Thursday, September 22, 2011

Knowing and not knowing


I drove down to the Cleveland Clinic to watch the sun set from the rooftop pavilion.  Normally, there are only a handful of people in this, one of the city's undiscovered best places.  So I was more than surprised to hear the jangle of many voices as I exited the elevator.  Thirty, maybe forty, people were sitting around the tables eating dinner together.  A buffet line was set up on the eastern edge of the room.  Black people, old people, young families.  A soup of humanity.  I noticed two women wearing white coats moving from table to table -- doctors?  Speakers?  And a man clearly selling his wares: memo pads with an insignia, a fanny pack packed with something, pens.  Everything the same rust red and creme white.

I sat on the far reaches of the room and read my book for a while, but it did not hold my interest as much as these people did.  They were all so happy.  The normal 33/33/33 ratio was all skewed.  You know: 33 percent disgruntled, 33 percent ambivalent, and 33 percent gruntled. 

(Is that even a word?)
(It is! Webster's: "The people were gruntled with a good meal and good conversation")

I left after about an hour, happy -- for some reason not known to me.  One of the white clad women was in the elevator with me.  She was heading to the 3rd floor, me back down to 1.  I asked, "Who were those people?  What was that event?"

"That was a transplant dinner.  They are all people who have had transplants."

"All different organs?"  I asked, my hands motioning awkwardly as I scanned my whole body - liver, lungs, corneas.

"No, heart. They all have heart transplants."

There was something about knowing that that filled me up instantly.  I had just spent an hour with people who had received new hearts.   I was in a room of modern miracle.  Veneration.  Wonder.  How many synonyms are there for awe?

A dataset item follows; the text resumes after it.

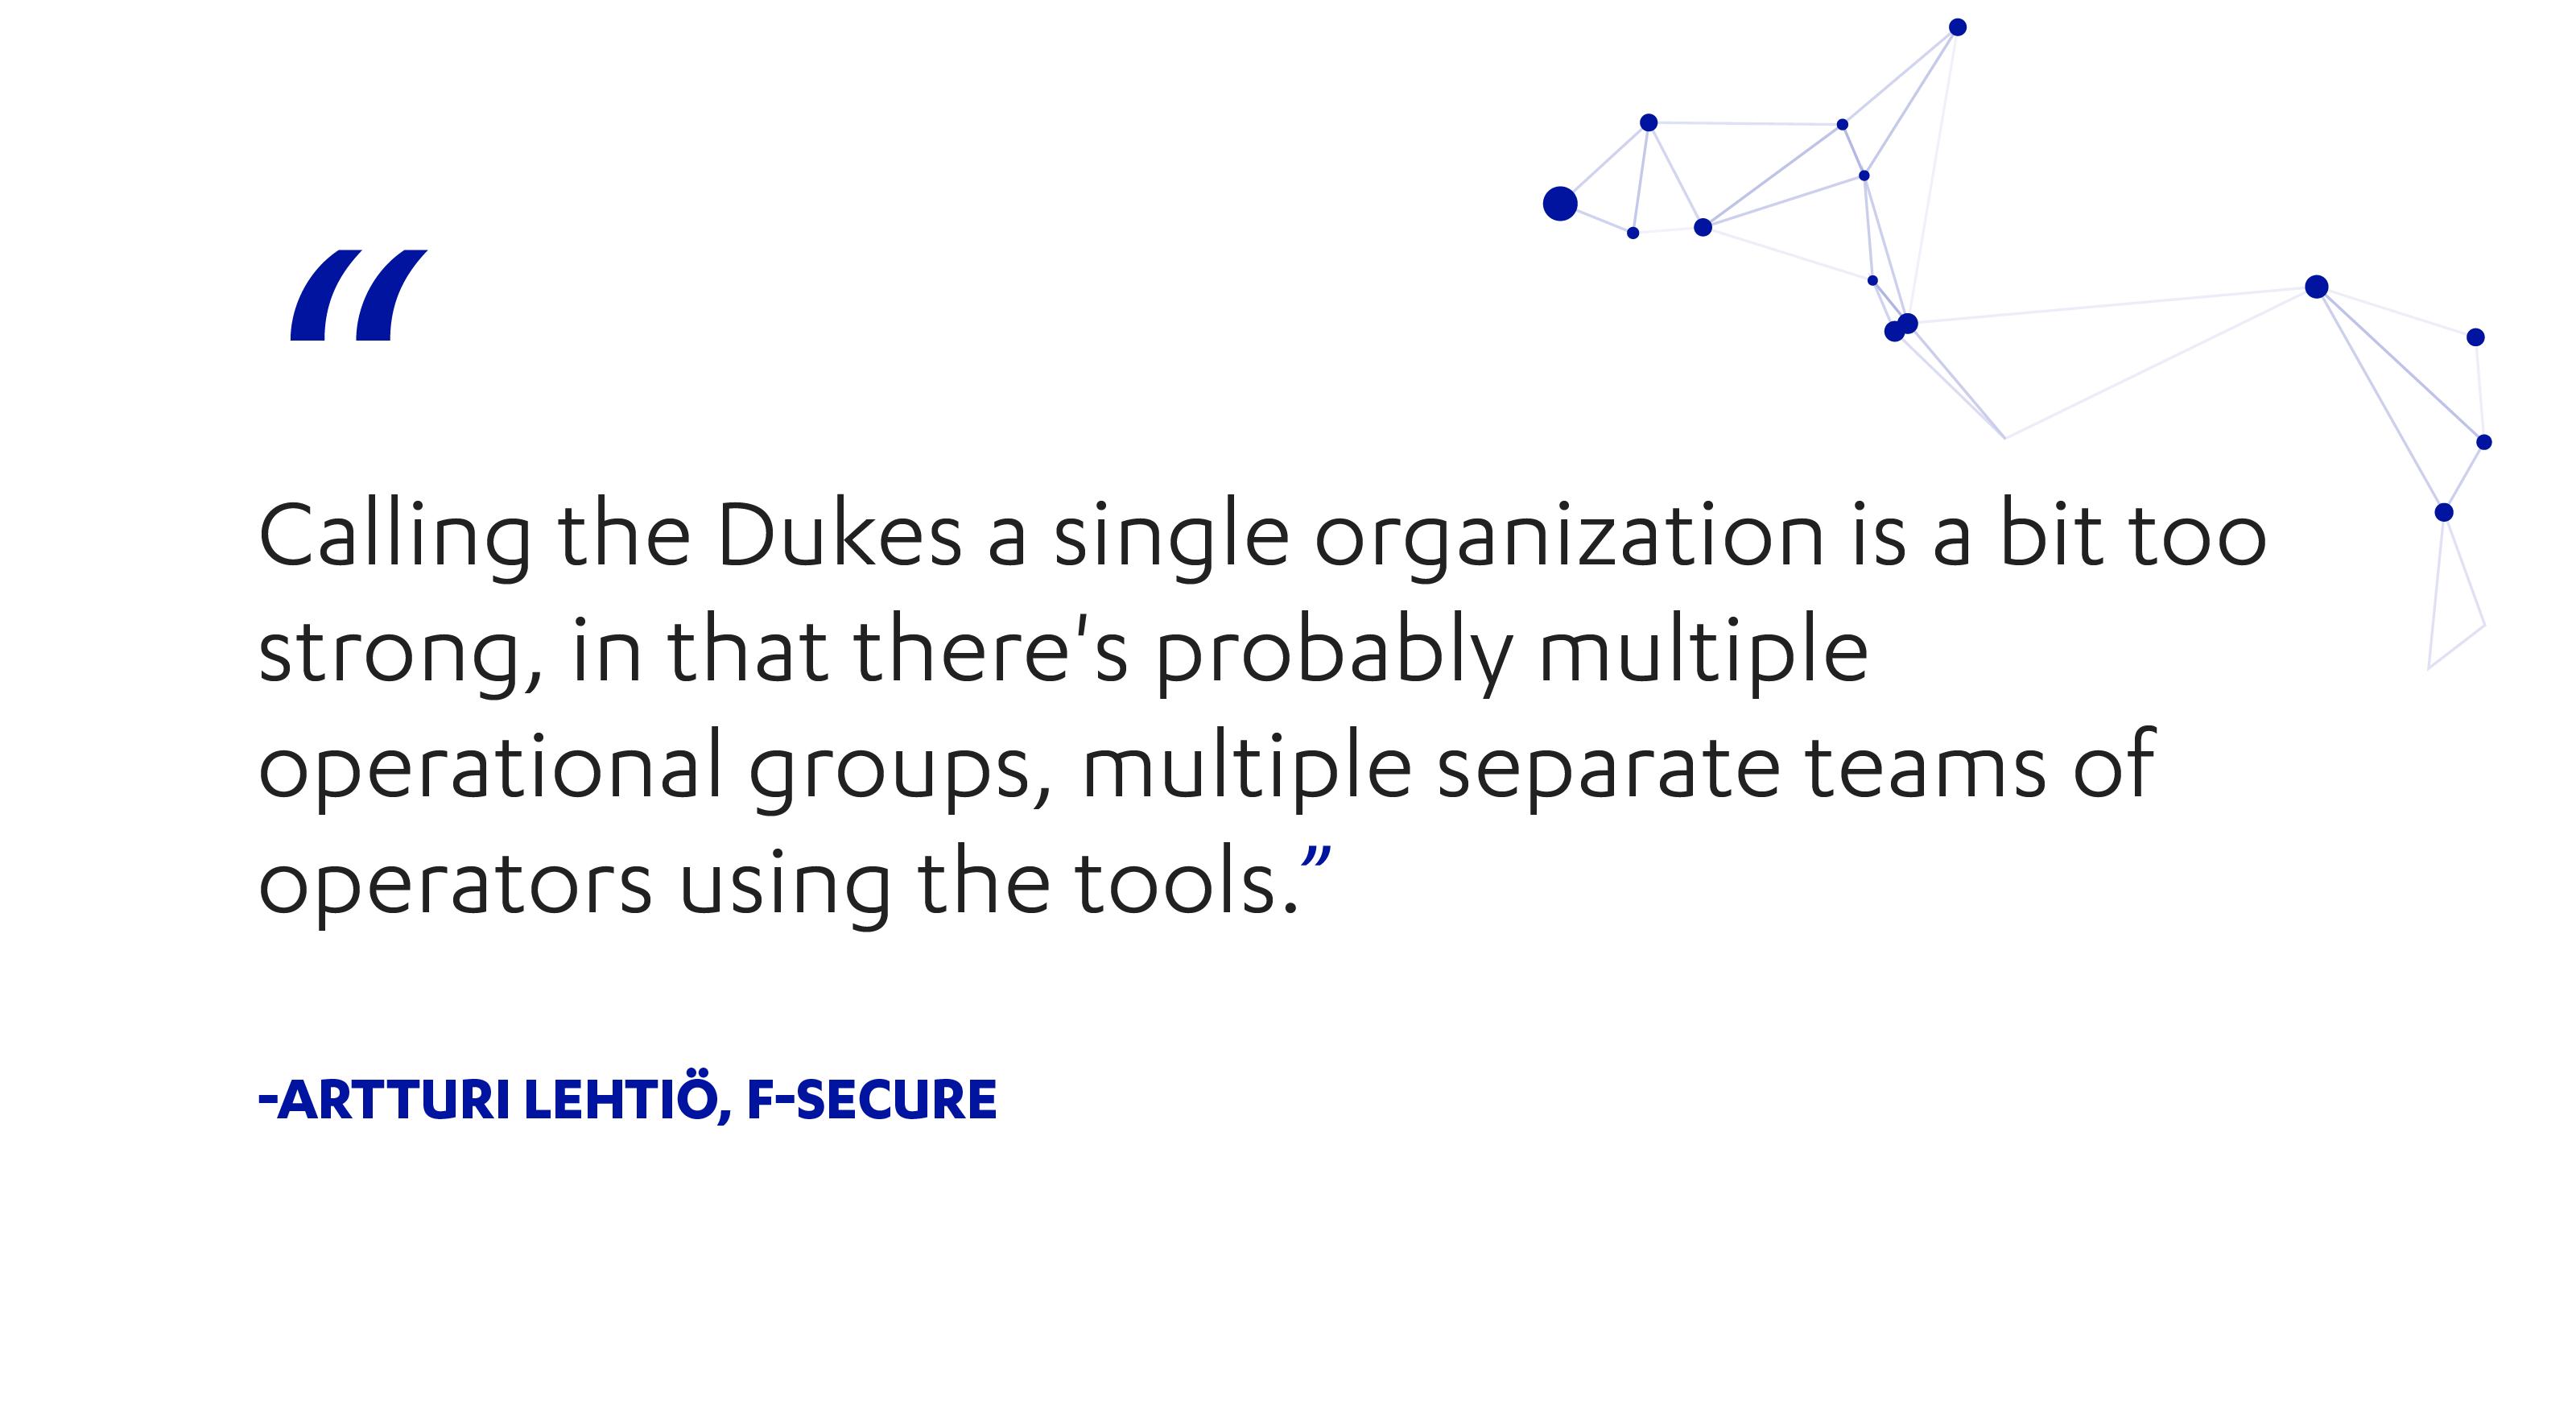 F-Secure's Artturi Lehtio on whether the Dukes are a single organization

I love those moments.  The split second between knowing and not knowing.  One crumb of new information flips the hour.  Topsy turvies the day.  Opens it all somehow.  Widens the vantage. 

Tonight I sat in a room of people who have had two hearts.  Right now, at home, I am simply trying to lock in this idea: I must never forget that that which looks ordinary may just be splendor wrapped up in plain clothes.  I never really know what I am in the midst of.  I never know when I am ten feet away from the beat, beat, beat of something far bigger than anything I would imagine.


1 comment:

BHR said...

You are back writing. Thank you for your beautiful words.